Most importantly, from the outset of my work on the novel, I had been in touch with the committee of the marae in Ōrewa, the town in which I used to live, and where much of the New Zealand side of the novel takes place. A marae is a difficult thing to explain to people not familiar with Pacific peoples, but it’s essentially a meeting-place for social and religious functions, and they can act as a centre for community-building purposes, too. The marae committee in Ōrewa helped me hugely, including reading the finished book and checking for anything that might be written in an insensitive or hurtful manner, or historically weird or incorrect, or simply taboo. I was also fortunate to have the
help of a number of historians and academics, some of whom are descended from the people who
would have originally lived around where Ōrewa is now.

In other words, the book passed through a lot of hands. Although its shortcomings or errors are mine alone, I hope there’s at least some care and consideration evident in it.

There’s a lot of trauma in the novel, yet there’s a playfulness that is central to the tone as well from the brilliantly absurd emails that are circulated among the expat community in New Zealand, to an equally absurd but hilarious author bio to the awful design of a poster designed for a serious cause. It’s extremely difficult to hold the tension between humour and trauma, but your humour doesn’t feel disrespectful. Was that tone always central to how you wanted to tell this story or is it something that grew into the novel over time?

The novel’s tone is a product of my having spent so much time with the book. The plot is on balance a very sad one, and if I had managed to write the book right the first time, so that it didn’t need to be rewritten, it probably would have ended up about as uplifting as JM Coetzee reading out the obituary pages. So I tried to find space for humour in the book. The longer I spent with it, though, I realised that not only did the book need it – I needed it.

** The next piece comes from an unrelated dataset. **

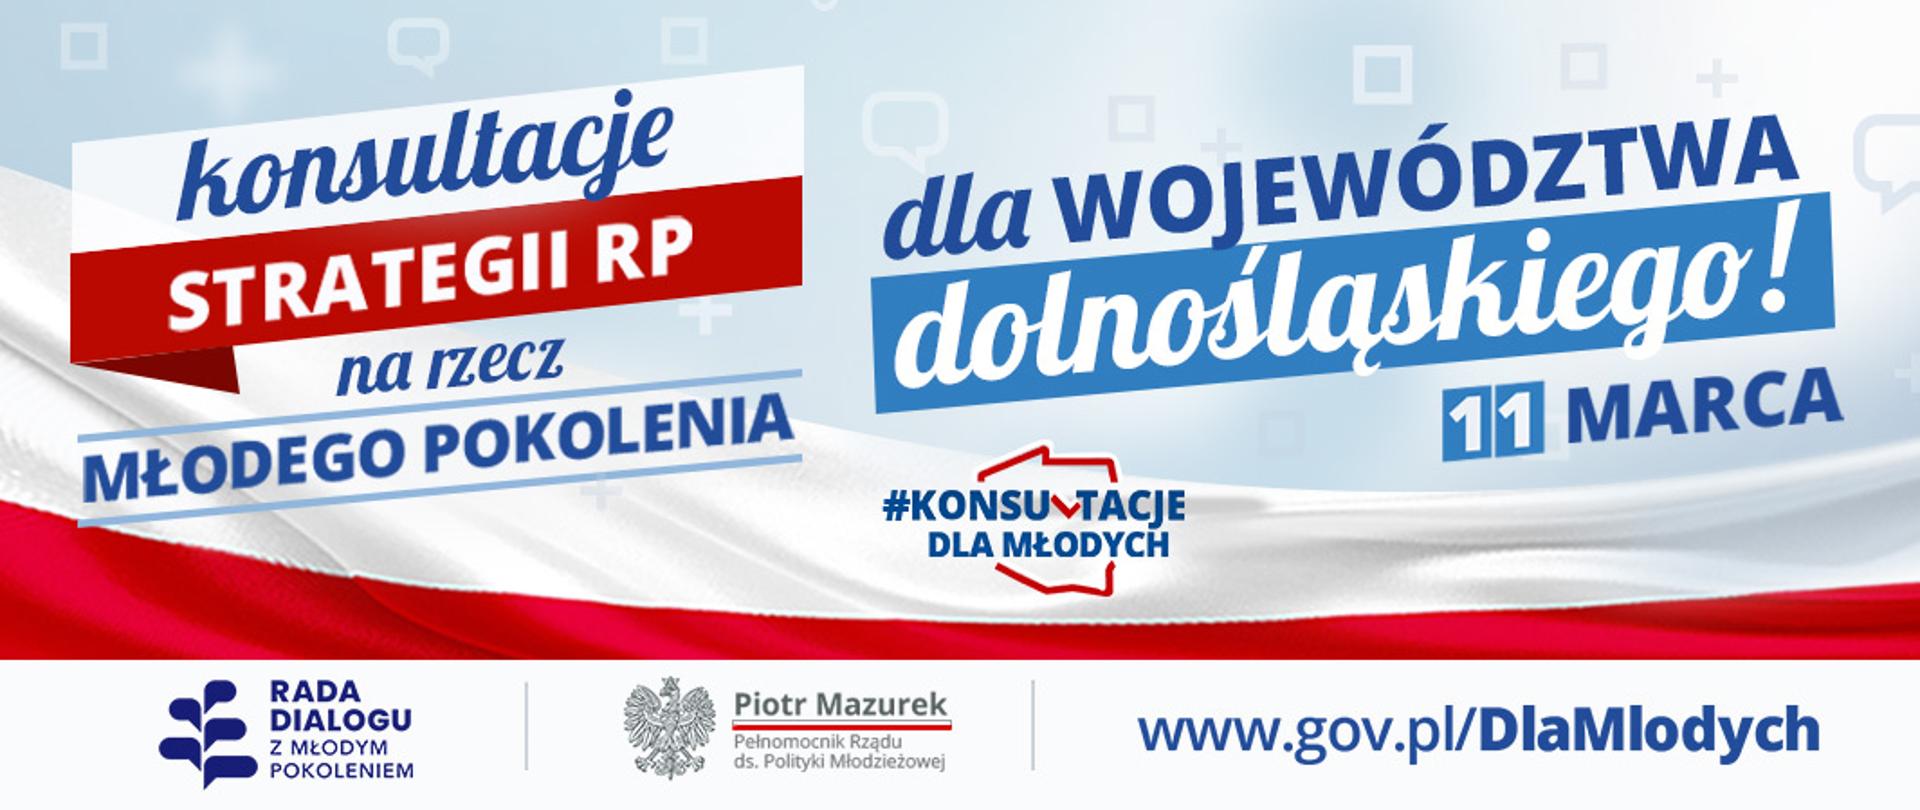 Konsultacja strategii RP na Rzecz Młodego Pokolenia dla województwa dolnośląskiego, zaprasza Piotr Mazurek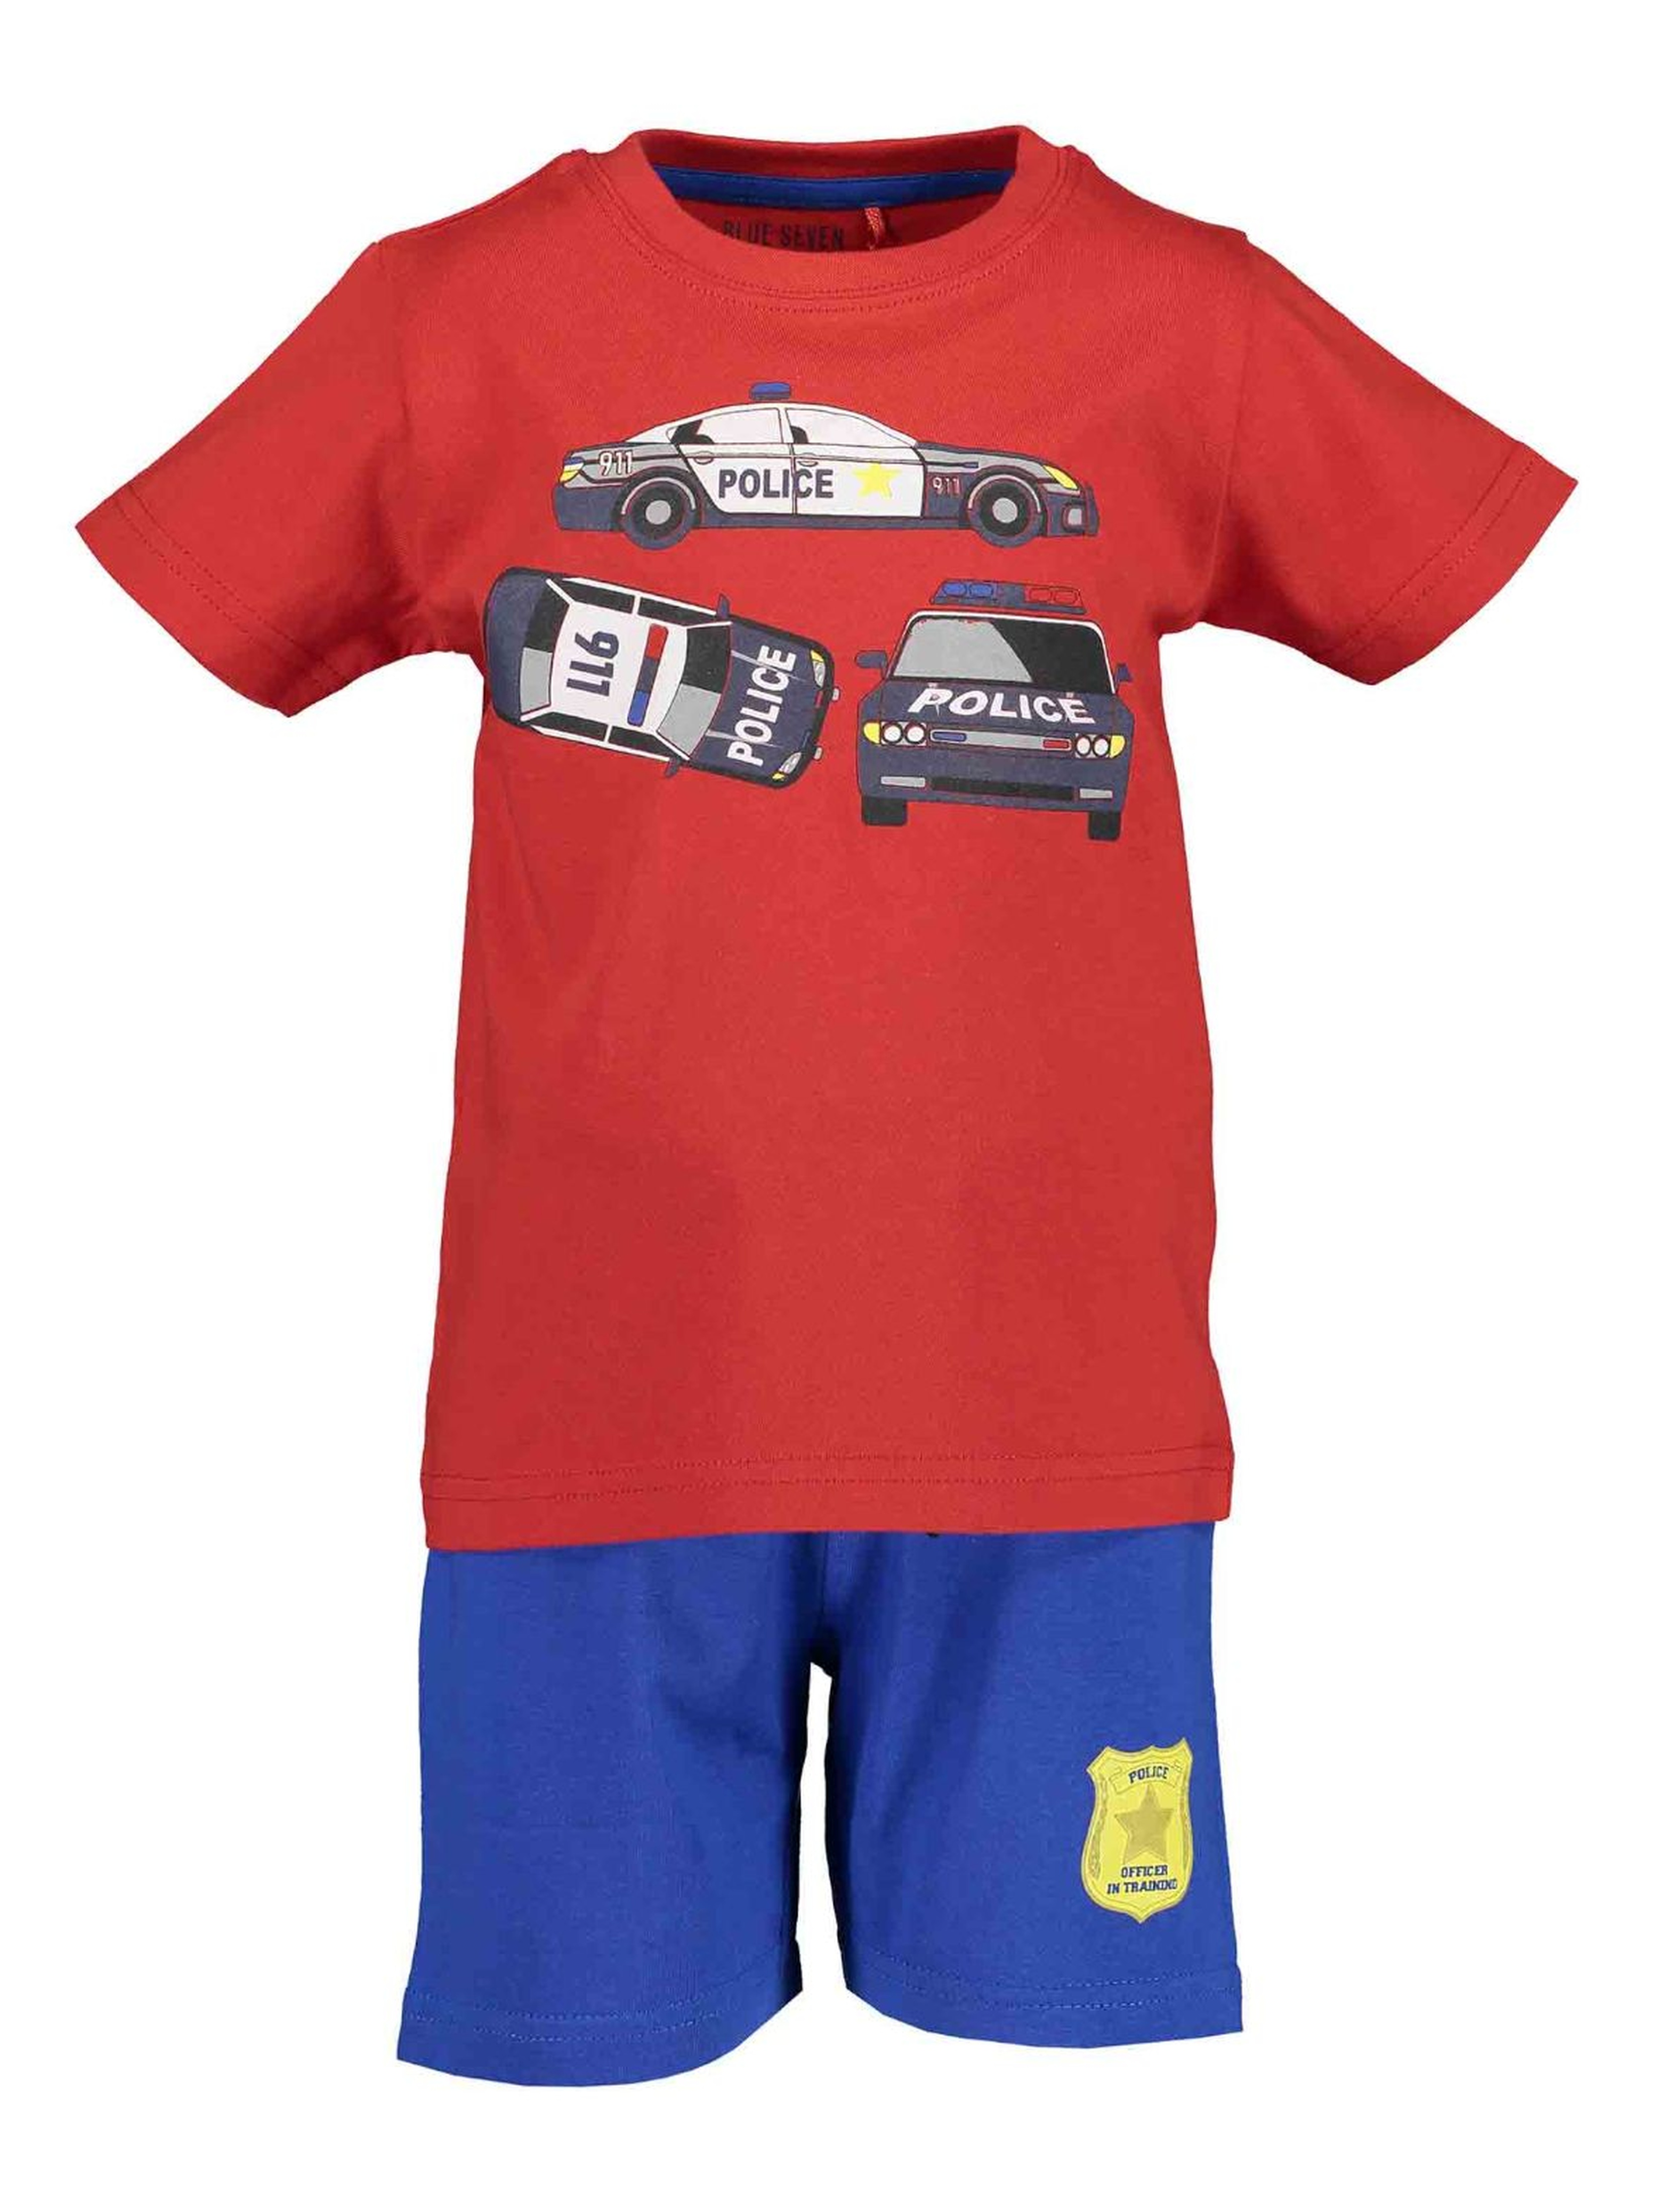 Komplet chłopięcy Police - czerwony t-shirt i niebieskie spodenki

There’s also the fact that, you know, life is like that. Light and shade, comedy and tragedy. In turbulent times and in turbulent places, you sometimes swing wildly from one to the other. Catholics have a party after a wake, but if we have enough of a party, chances are we’ll go to another wake at the end of it.

You left SA to study in Scotland not too long before the onset of Covid. I imagine that your vision for the last year and a bit and how it’s panned out have been vastly different (similar to many of us). How difficult was it for you to have the world turn upside down just as you embarked on a new chapter in your life?

It was terrible! In a way, my wife and I have only just arrived in Scotland, despite having lived here for almost two years now. I haven’t been able to enjoy the literary scene, or meet many people, or find a publisher who wants to bring out my books over here. Covid’s made the British literary scene even more myopic. But we do have a dog, so, you know, light and shade.

Imagine you’re a bookseller. A customer picks up A Hibiscus Coast and asks you what it’s about. You’ve got one sentence to capture them before they pick up another book from the table. What’s your sentence?

“I don’t work here.”

What are you reading at the moment?

I’ve just finished John Laband’s The Land Wars and Zoe Wicomb’s latest novel Still Life, and am trying to decide what to read next. Harold Bloom’s The Anxiety of Influence is on the table in front of me, and I’m a pretty anxious person, so I’ll probably go for that.